HTTP request sent, awaiting response... 200 OK
Length: 84125825 (80M) [application/x-gzip]
Saving to: ‘aclImdb_v1.tar.gz’


2024-01-14 05:10:58 (49.9 MB/s) - ‘aclImdb_v1.tar.gz’ saved [84125825/84125825]



**Creating a dataset from text files (one file = one sample)**

In [None]:
import tensorflow as tf
from tensorflow import keras
dataset = keras.utils.text_dataset_from_directory(
    directory="aclImdb", label_mode=None, batch_size=256)
# Strip the <br /> HTML tag that occurs in many of the reviews.
# This did not matter much for text classification, but we wouldn’t want to generate <br /> tags in this project
dataset = dataset.map(lambda x: tf.strings.regex_replace(x, "<br />", " "))
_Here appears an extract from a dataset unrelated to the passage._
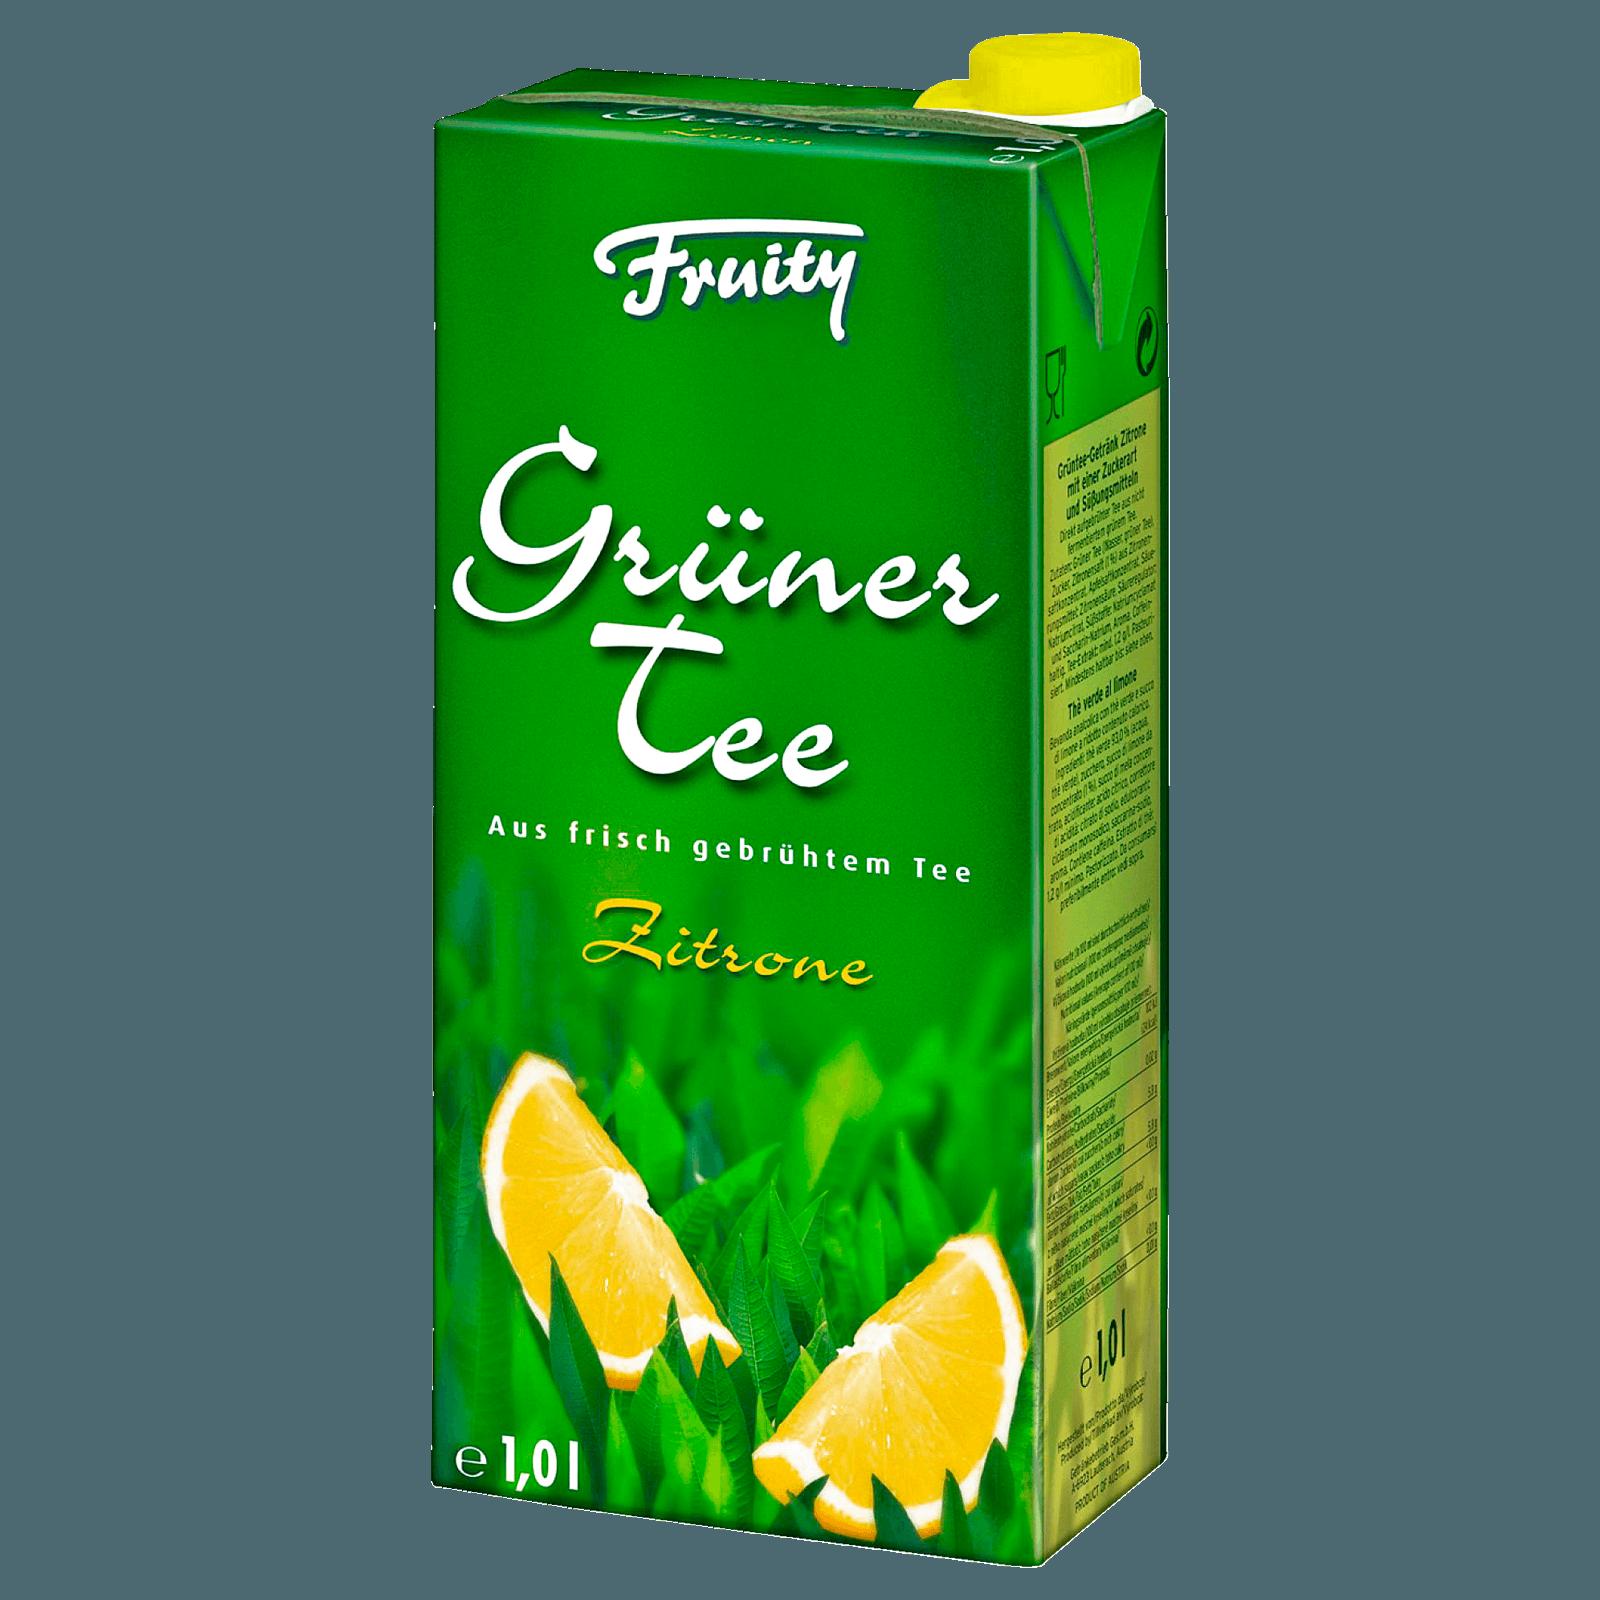 Grüner Tee mit Zitrone zum Abnehmen
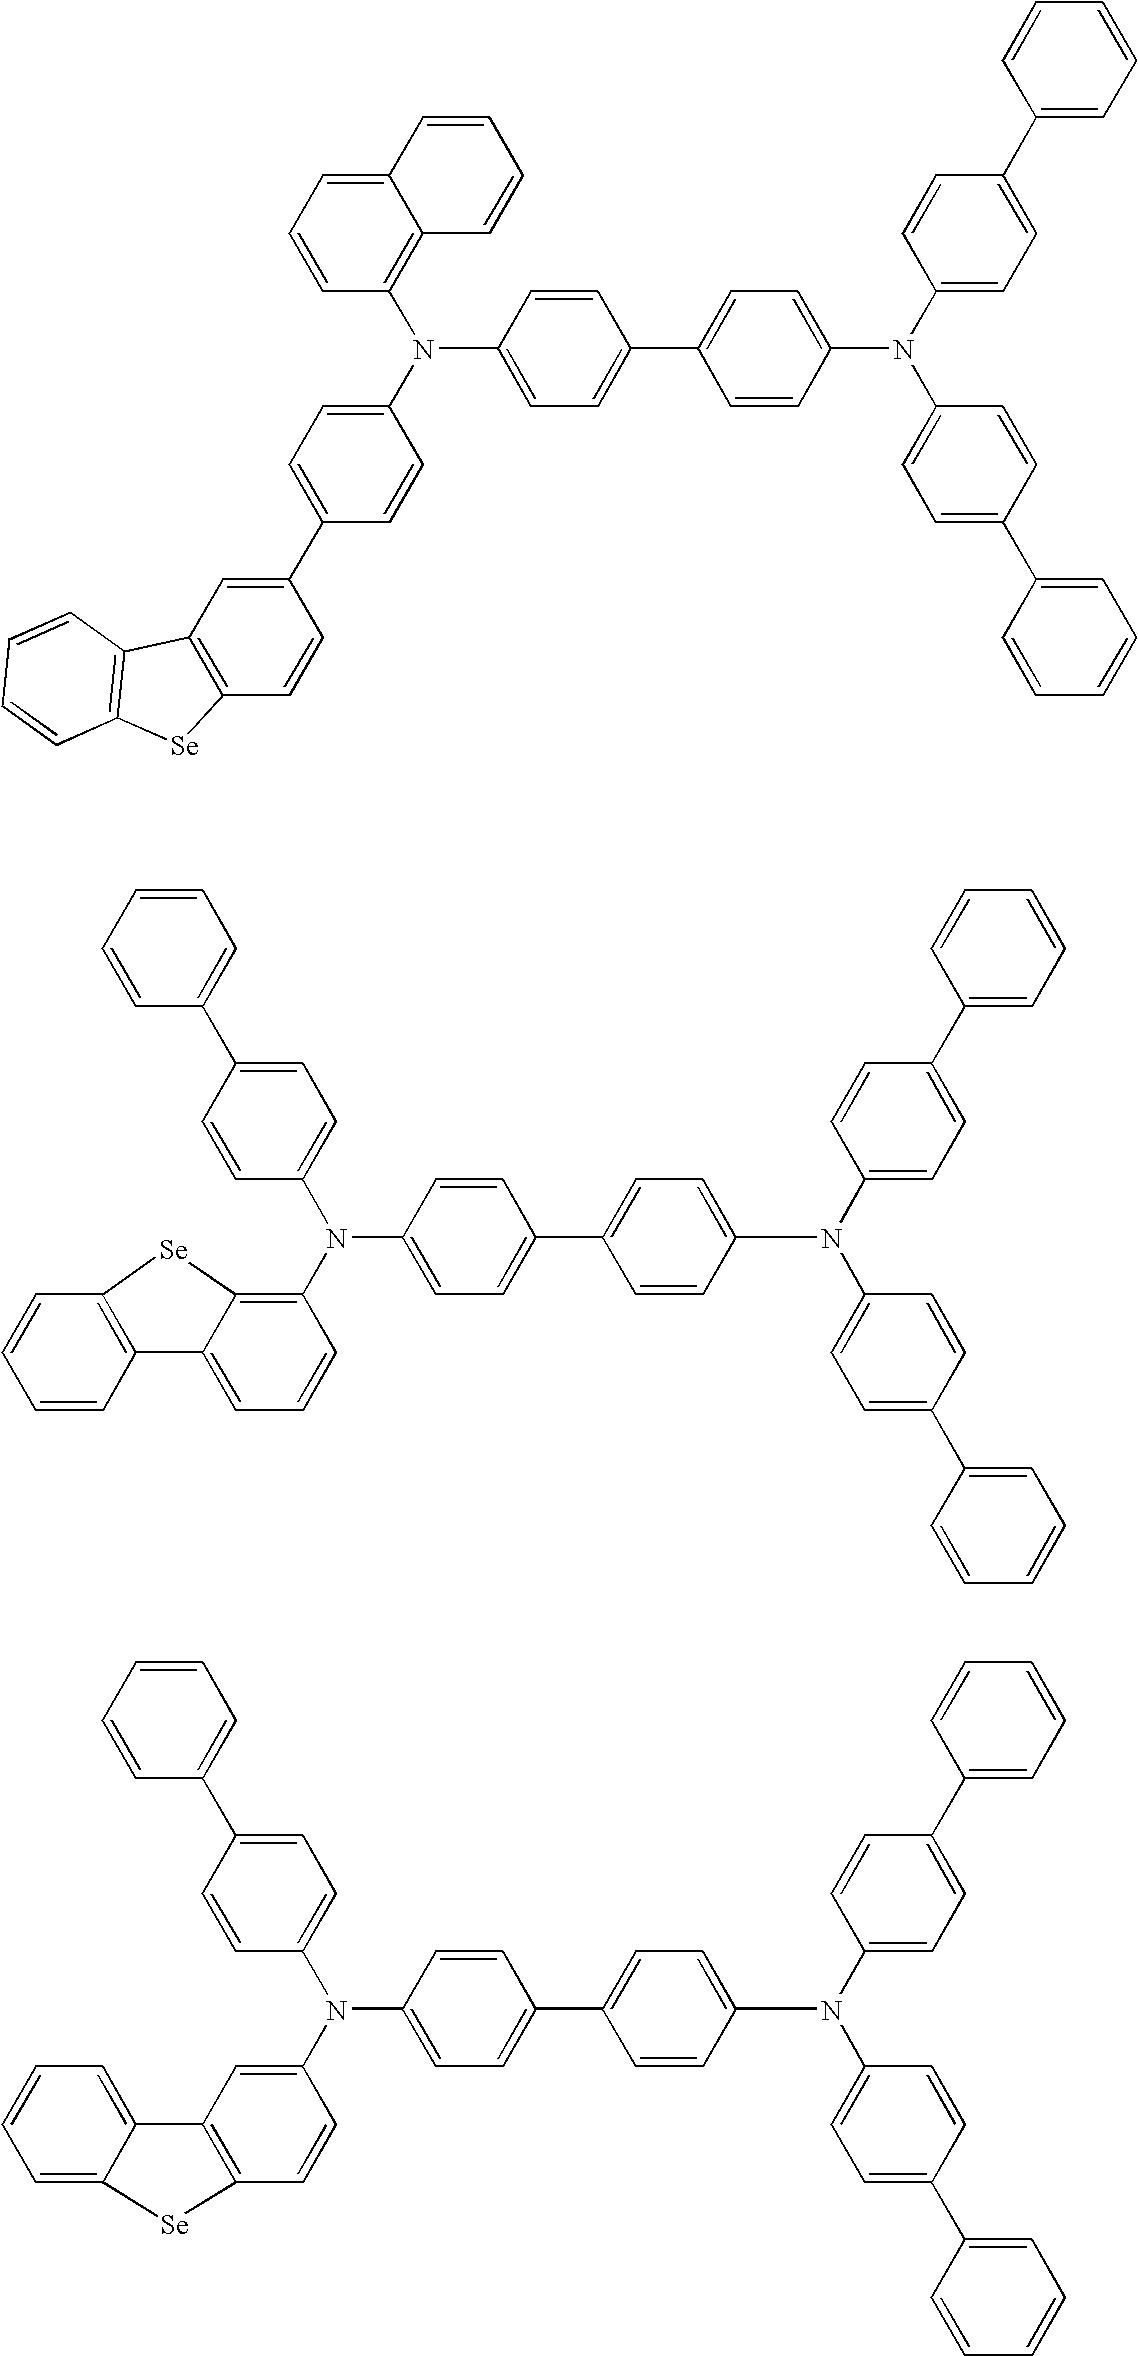 Figure US20100072887A1-20100325-C00020

Found 100006 files belonging to 1 classes.


**Preparing a `TextVectorization` layer**

- Use a TextVectorization layer to compute the vocabulary we’ll be working with.
- Will only use the first sequence_length words of each review:
- TextVectorization layer will cut off anything beyond that when vectorizing a text

In [None]:
from tensorflow.keras.layers import TextVectorization

sequence_length = 100
# only consider the top 15,000 most common words
# anything else will be treated as the out-of-vocabulary token, "[UNK]"
vocab_size = 15000
# output_mode - return integer word index sequences
# output_sequence - will work with inputs and targets of length 100
# (but since we’ll offset the targets by 1, the model will actually see sequences of length 99).
text_vectorization = TextVectorization(
    max_tokens=vocab_size,
    output_mode="int",
    output_sequence_length=sequence_length,
)
text_vectorization.adapt(dataset)

**Setting up a language modeling dataset**

- Use the layer to create a language modeling dataset where input samples are vectorized texts, and corresponding targets are the same texts offset by one word.

In [None]:
def prepare_lm_dataset(text_batch):
    # Convert a batch of texts (strings) to a batch of integer sequences.
    vectorized_sequences = text_vectorization(text_batch)
    # Create inputs by cutting off the last word of the sequences.
    x = vectorized_sequences[:, :-1]
    # Create targets by offsetting the sequences by 1.
    y = vectorized_sequences[:, 1:]
    return x, y

lm_dataset = dataset.map(prepare_lm_dataset, num_parallel_calls=4)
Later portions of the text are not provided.